"Things I Wish I'd Known: Cancer Caregivers Speak Out" isn't a fun book to read, but it is a book that almost everyone should read.
As Rosalynn Carter, wife of former President Jimmy Carter, once said, "There are only four kinds of people in this world: Those who have been caregivers, those who are currently caregivers, those who will be caregivers, and those who will need caregivers."
In "Things I Wish I'd Known," cancer survivor and American Cancer Society volunteer Deborah Cornwall shares the wisdom she gained from her experiences and 86 interviews with caregivers.
She points out that an estimated 75 percent of American households will at some point provide care for a relative or friend with cancer.
Cornwall's book offers a road map from diagnosis through whatever fate awaits the cancer patient, whether it's a cure, remission, long-term management of the disease or death.
She notes that while getting a cancer diagnosis can be a life-altering event for everyone involved, getting the proper diagnosis can sometimes be a long, difficult process.
Cornwall tells of many caregivers who had to keep pushing to find out what was wrong with a loved one.
Over and over in her book, caregivers are given advice on how to carry out one of their most important roles — being an advocate for the patient.
Part of that job is absorbing information from the medical team treating the patient, although most caregivers will end up doing quite a bit of research on their own.
Cornwall lists reputable Internet sites to find information on cancer, from basic explanations of medical terms to finding and enrolling in a clinical trial for a potential cancer treatment.
She recommends that caretakers prepare questions in advance and bring notebooks or tape recorders to appointments with doctors, since most people can't memorize all the information they hear.
They can also take advantage of the services of hospital-based patient navigators and social workers, who help patients and caregivers through the health care system and cancer journey.
When it comes to choosing to receive care at a community hospital versus a major cancer center, caregivers interviewed by Cornwall almost always recommended choosing a major cancer center.
After a person is diagnosed with cancer, many people offer to help, but that actually can create a new burden on caregivers when people don't say specifically what they would like to do. Caregivers can create lists of things that need to be done, then enlist another person in signing up volunteers for the tasks.
One caregiver left a cooler with ice on her front porch so that well-wishers could drop off meals. That way, she didn't have to coordinate meal drop-off times with them.

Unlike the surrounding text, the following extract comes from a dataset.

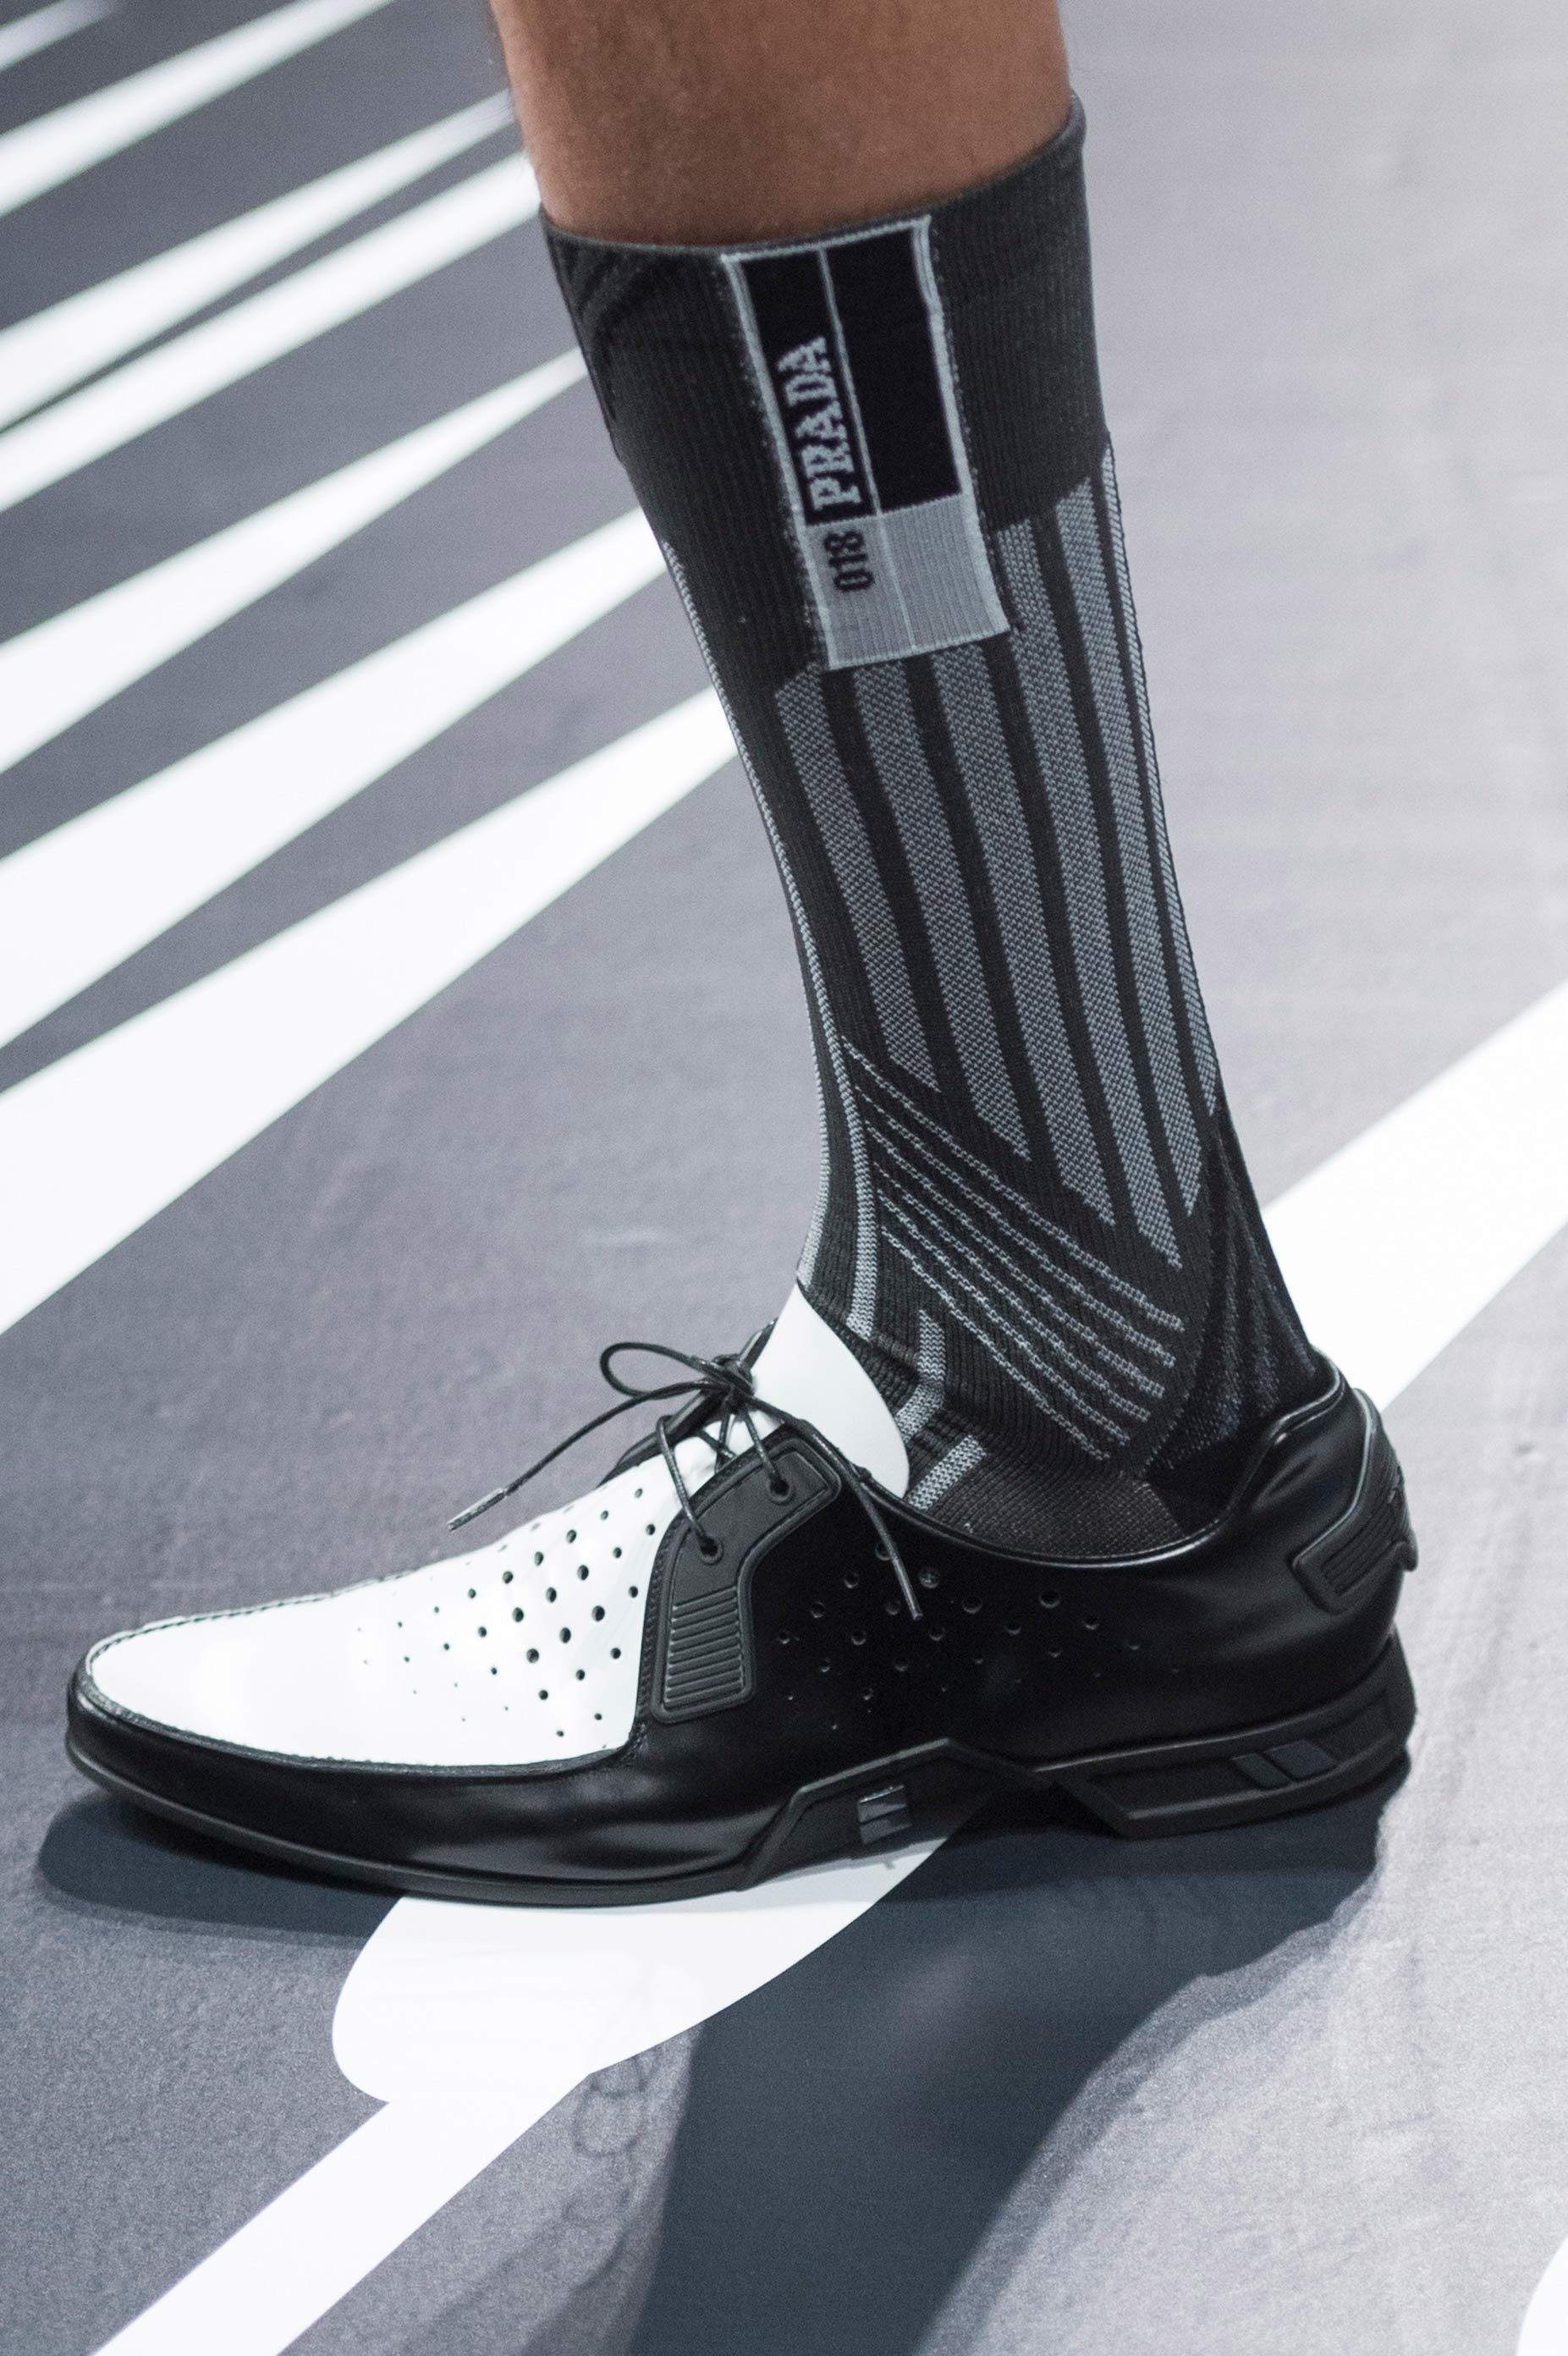 Cómics en tus pies: los zapatos que Prada presentó en eu colección primavera-verano. Foto: WGSN.

"Things I Wish I'd Known" also includes chapters on managing financial and legal issues, children and cancer, managing caregiver emotions and health, the dying process and cancer's aftermath.
Caregivers who lost loved ones often felt adrift and unfocused once they were no longer engaged in the war against cancer. Many found new direction as volunteers with cancer nonprofit groups.
All said that caregiving had enriched their lives and that they felt stronger, wiser and more self-confident, no matter what the outcome had been for their loved ones.